Yesterday my parents dropped a bombshell on me and my two siblings. It went something like this:
“Children, take a seat. As you know, we have been having some difficulty as of late in deciding which of you we would like to brag to our neighbours about and which of you we will have to hide from public view. Therefore your mother and I have decided to hold a competition of sorts to decide which of you shall be heralded as ‘The Best Child’.”
As our father relayed this speech to us, we took it in stride, inwardly knowing they had our best interests at heart, and on we went with our assigned tasks. The rubric for points was expansive, encompassing all desirable behaviour on our parts.
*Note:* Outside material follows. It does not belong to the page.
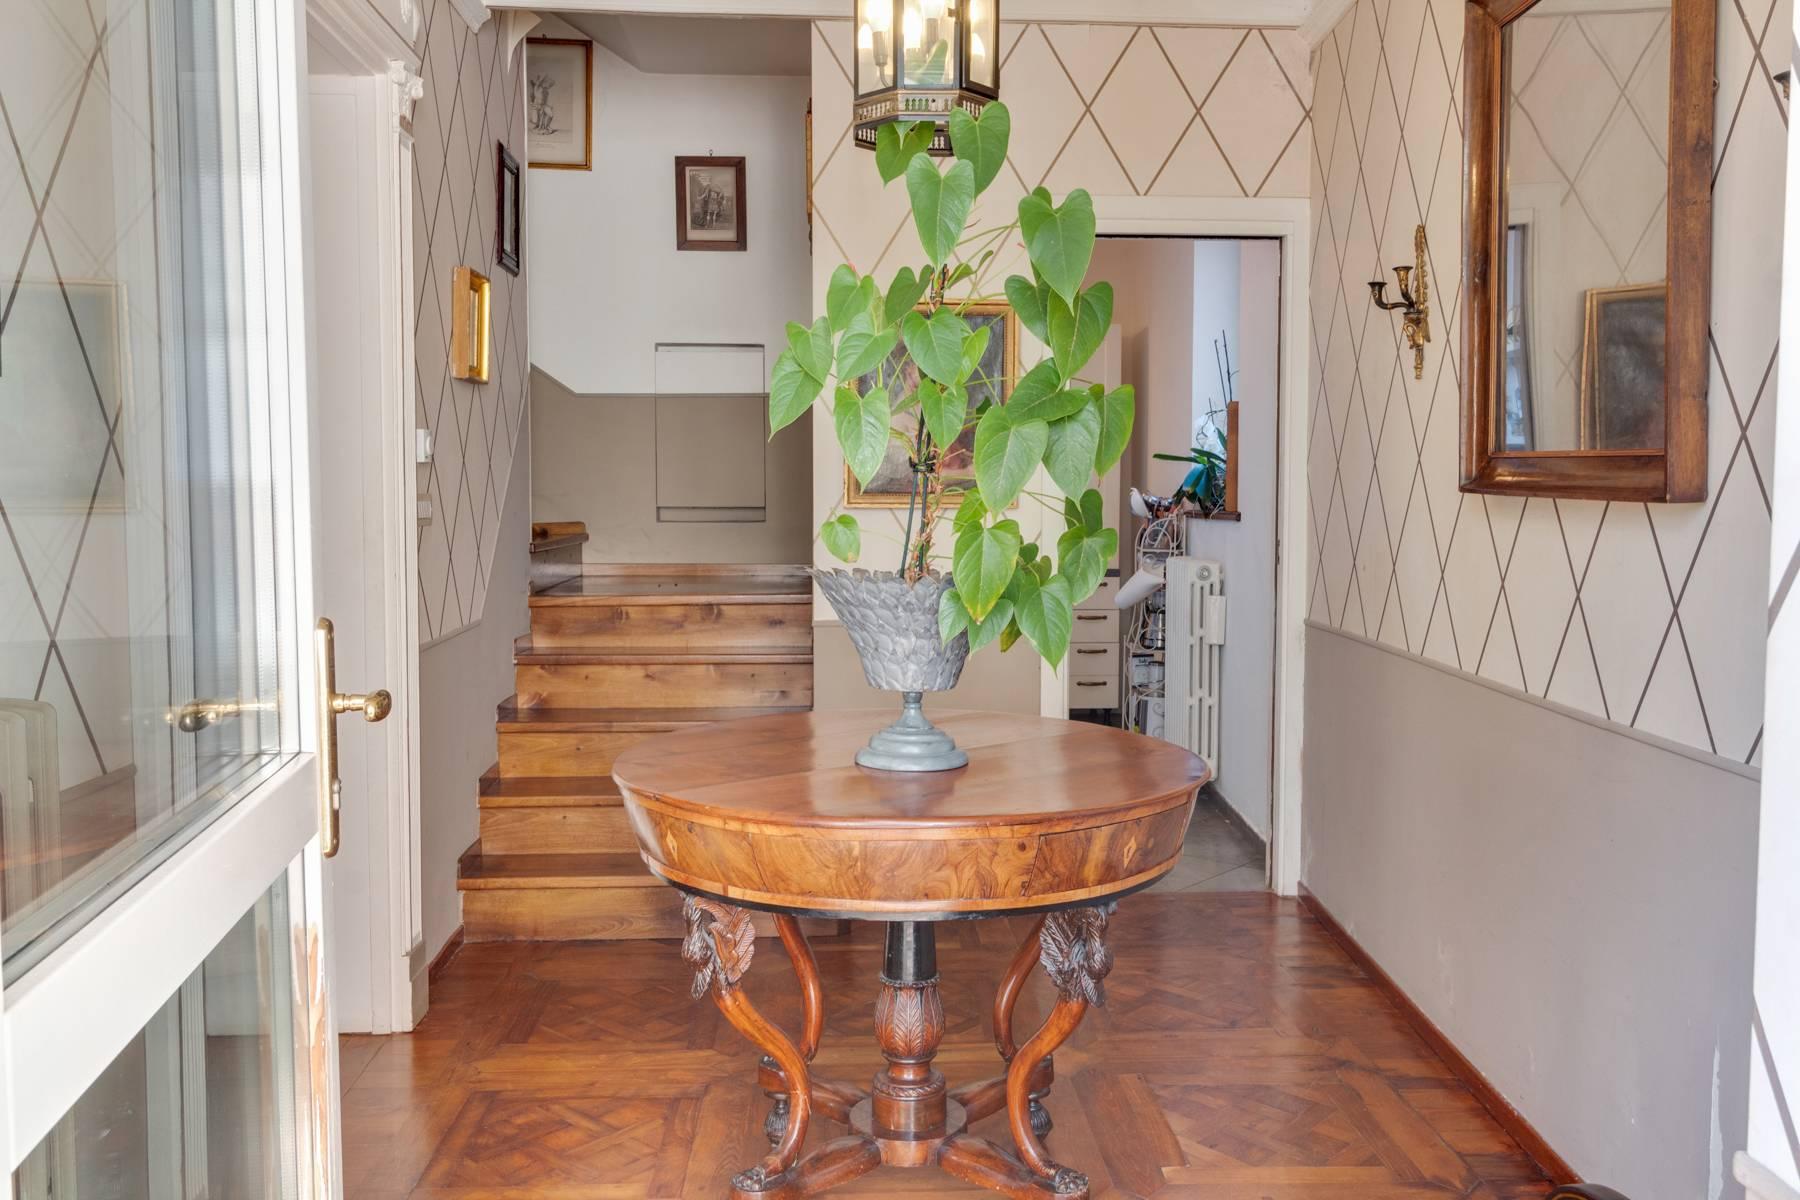 Casa indipendente in Vendita a Torino: 5 locali, 270 mq - Foto 15

Whoever had the highest number of parent-points at the end of the week would win “The Best Child Award”. Why this cup needed to be won, we weren’t sure. We assumed it had something to do with our inheritance.
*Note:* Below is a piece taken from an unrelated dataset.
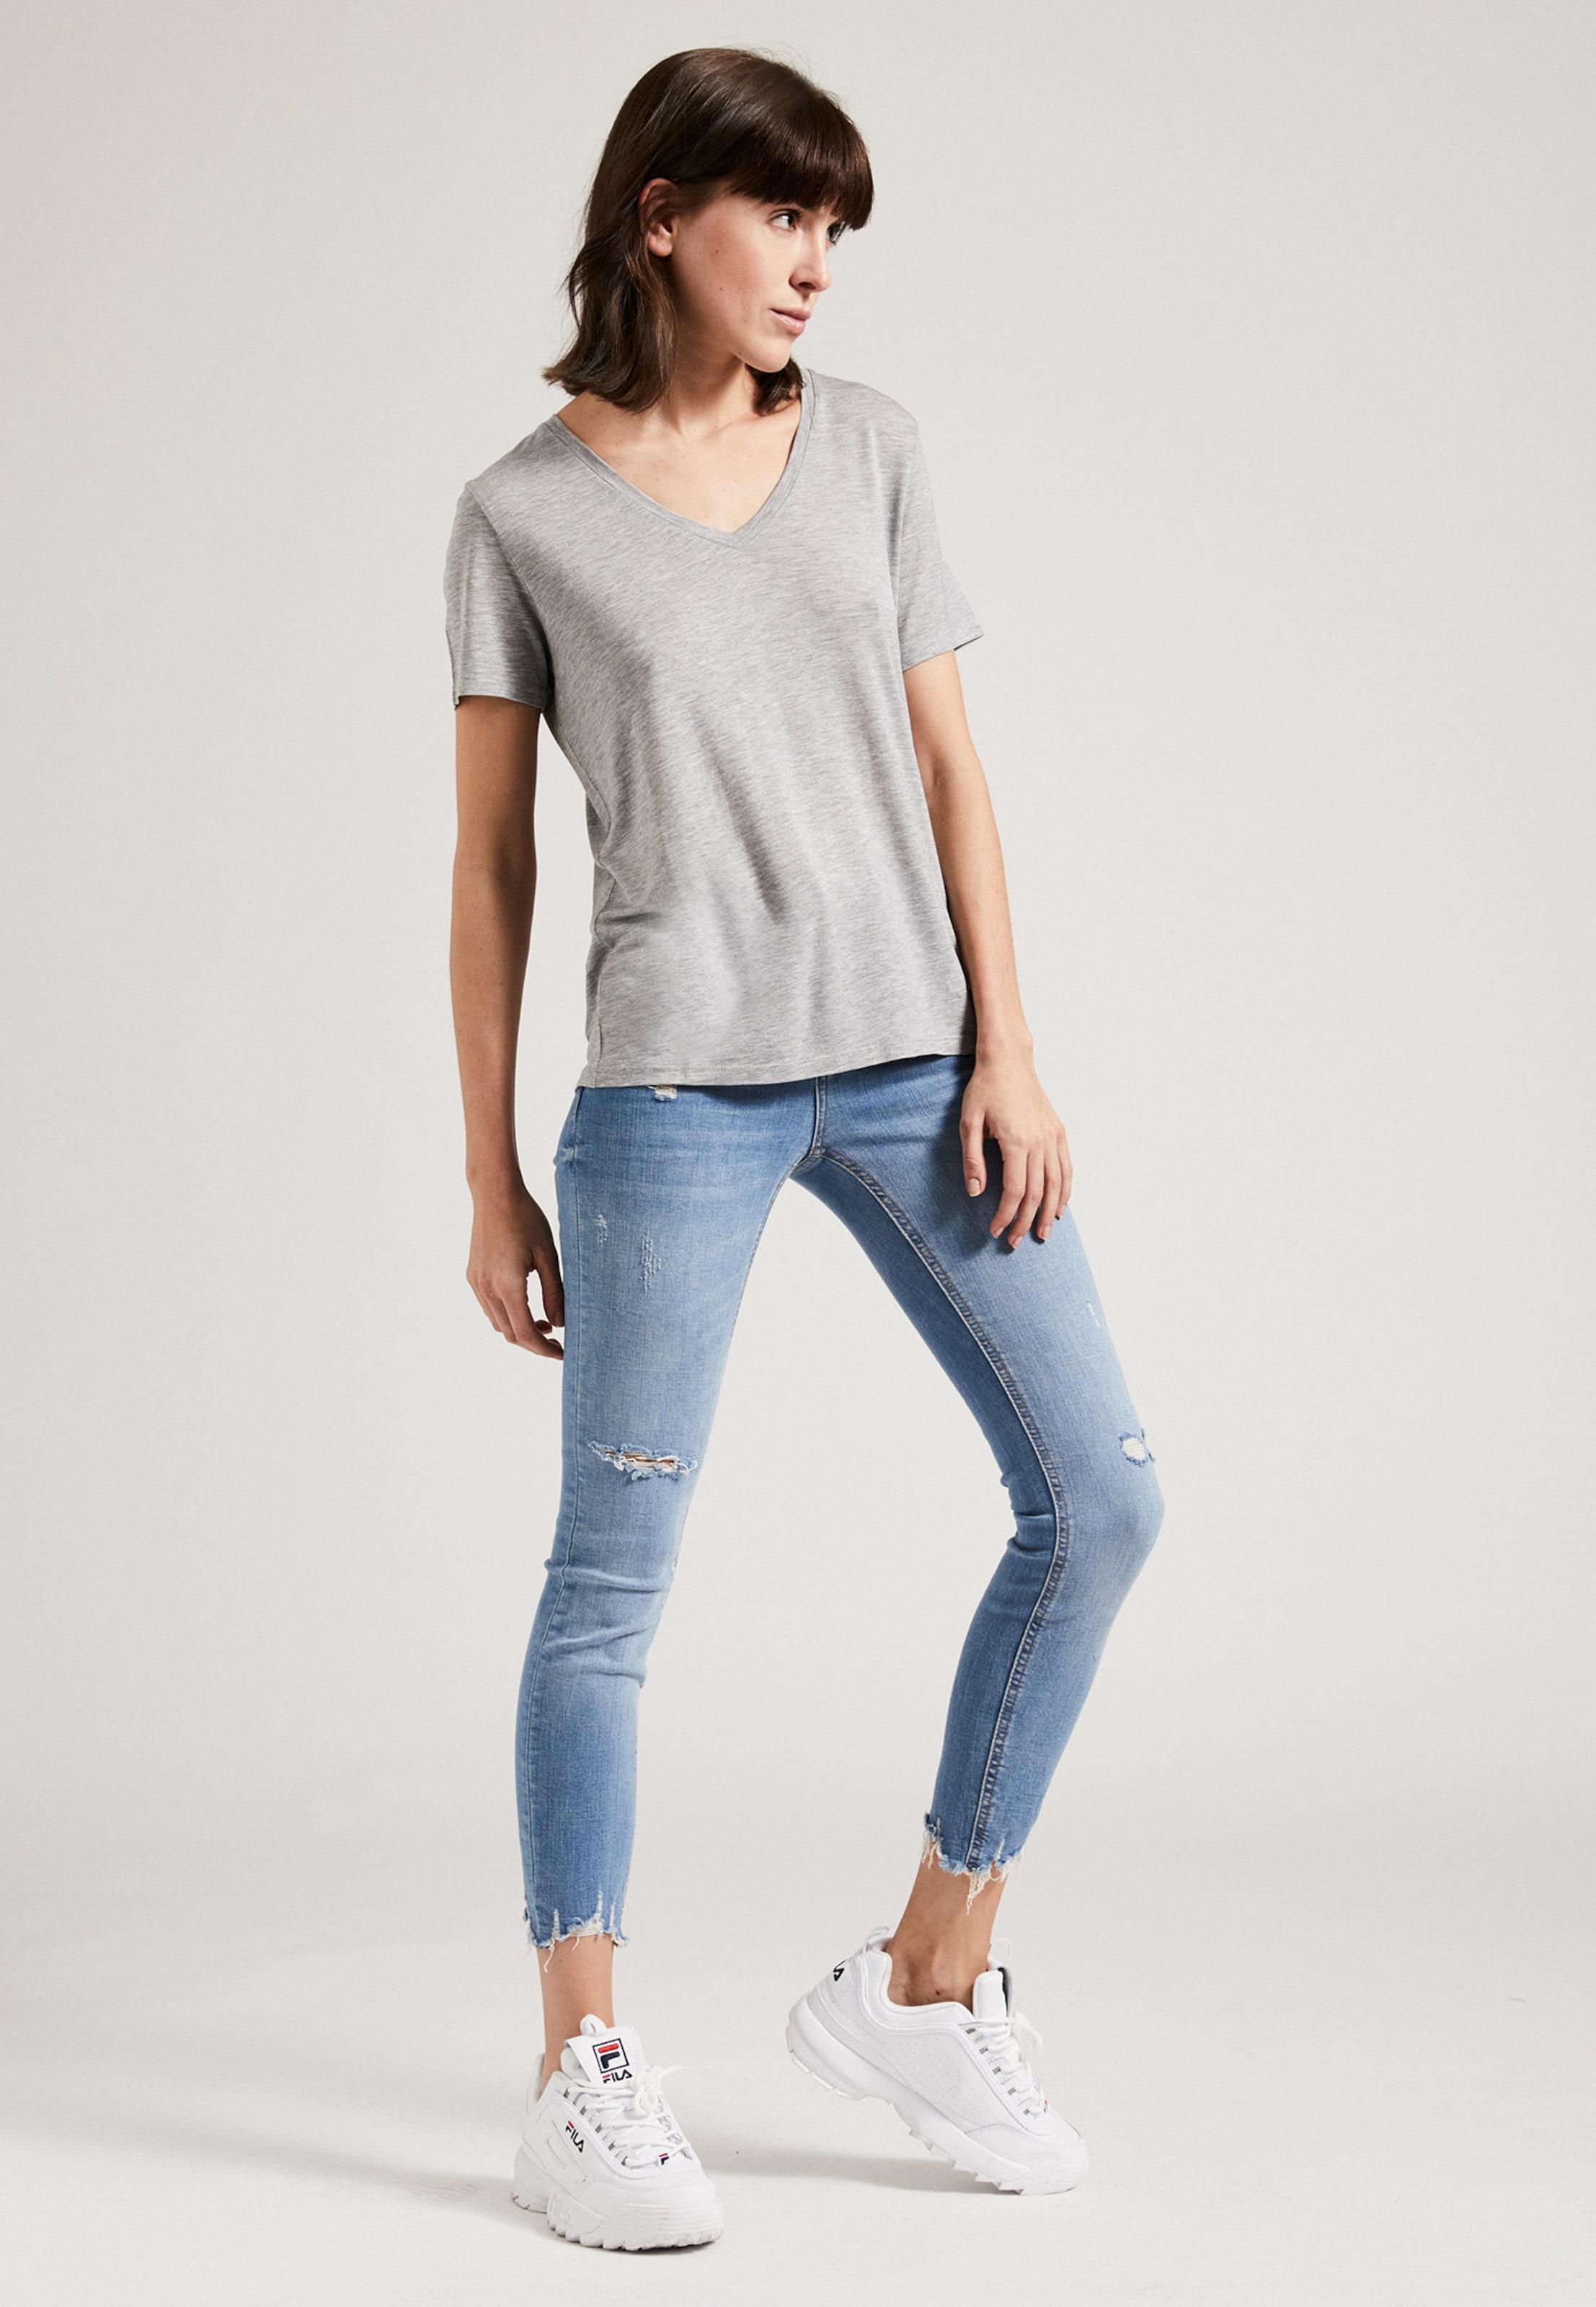 Phyne shirt V The In Weiß neck T Tencel u1clK5JFT3

For me, as the unfortunate middle child, this was going to be quite challenging. However, I was determined to win this. I just had to outsmart my siblings.
On Monday, my younger brother returned home with an A on his Maths exam — lethal blow. To one up him I loudly studied all evening for a non-existent exam.
On Tuesday, my older sister decided to clean her room herself without any help. This had to be handled with ruthless retaliation, and so the next night I attended to all my mother’s friends at their weekly gathering, ostentatiously serving food and being extra amicable. Points regained.
On Thursday, the little devil was troublesome again by coming back home with a first place trophy at his school sports day. Was he actually more talented than the rest of us? Wew, crazy thought. Regardless, I persevered by helping my Dad send an email. For additional points I even photoshopped his attached documents clean, while painstakingly explaining the process to him, knowing he would forget the very next day. Disaster averted.
On Friday, the eldest one pulled out an ace she had up her sleeve. She cooked dinner for us all. As a male, cooking would earn me no points at all. That cunning shrew had used her innate advantages. For a moment, I thought all was lost. But then I realised I could turn the tables on her in the same way.
So the next night at dinner I sampled every vegetable and fish on the table remarking how good they were. My mother’s eyes lit up because getting a son to eat all kinds of food was every mother’s greatest pride. None of her friends had succeeded in this. As my sister looked on with great envy, for she, as a daughter, could not earn these same points, I swiped the cup from right under her nose. Victory!